Dinette seat

Larry Patrick

New member
Wife is tired of pinching fingers lifting seat off and on . Wondering if anyone ever cut in a door so you can access without lifting seat off each time? Might cut a 8x8 or 12x12 cabinet syle door in fiberglass side that faces hallway. Wondering if it is strong enough to sit on after cutting access hole?Will need hinges and latch any suggestions?
 
Aft or forward I don't think it would be a structural issue. I cut in an access hatch under the aft seat on our 22 and below the feet on our 25. If you keep 2''' or 3'' margins you should be fine. Place the hatch cover where you want it, tape it in place and pencil around the cutout. Drill a hole and go after it with a gigsaw, rotozip or Sawzall. Should be an easy install.
 
We modified the seat areas for both the forward dinette seat as well as the aft dinette seat. Here's what we did:

Forward seat. Rather than cut-in a hatch and install louverd door, we cut the hole (about 12' x 12" as I recall) then took a piece of matching Sunbrella and sewed hem's around all four edge's. We then put snaps on all four corners and screw-in snap in the area around the hole. Works like a charm, and Really makes getting stuff in and out of the compartment MUCH easier. ...no more pinched fingers.

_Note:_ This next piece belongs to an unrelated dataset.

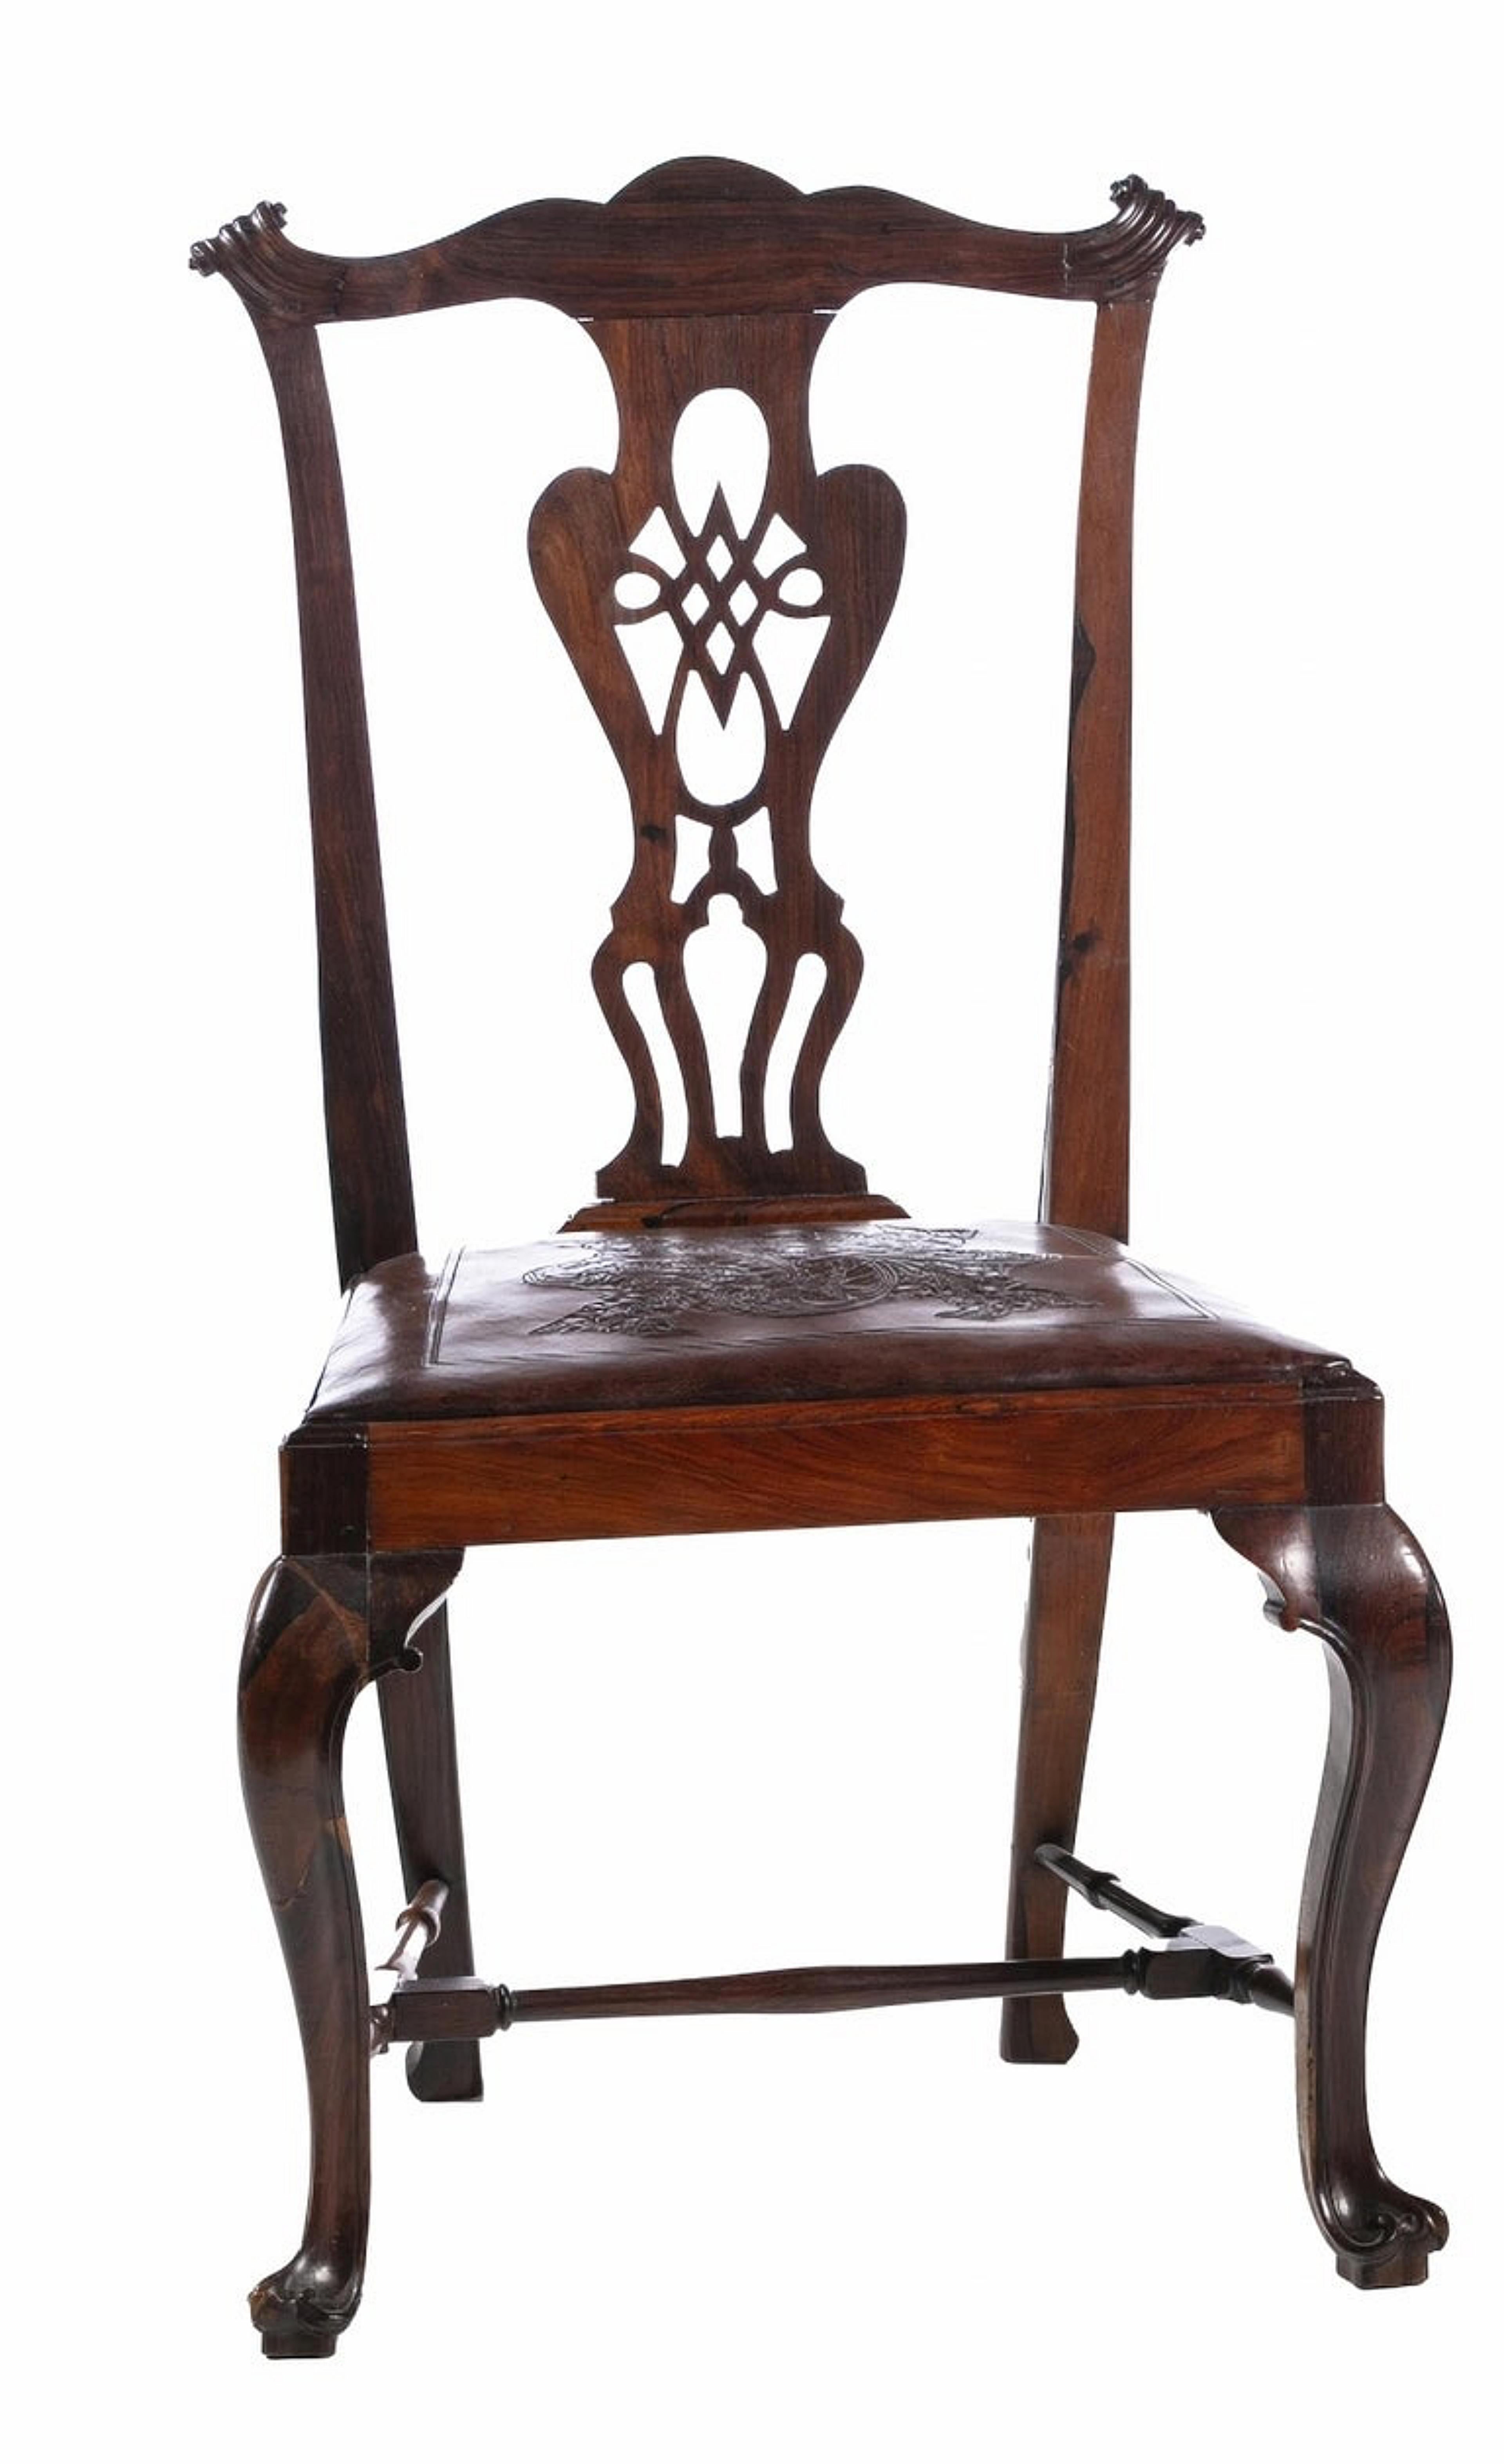 Portuguese PAIR OF PORTUGUESE CHAIRS 18th Century For Sale

Aft seat. We took the hard backed seat cushion out. We removed all the staples holding the cushion to the board. Then took the cushion to an upholstery shop and had them make the cushion in to a 'regular soft cushion (no hard back). I then took the board and cut about 4" off the back edge (you want enough so it's a little wider than the back support cushion). That piece was screwed to the rear portion of the seat bottom (up against the aft cabin bulkhead). We then took a length of "piano hinge" and affixed it to the raw edge and the remaining part of the original seat base. That gives you a hinged seat base where you can install the newly covered seat cushion. Works very well. (Remember to paint the newly hinged lid before you do the subsequent installation.)

Rereading this it sounds rather awkward (I was never a technical writer...). Hope you can understand.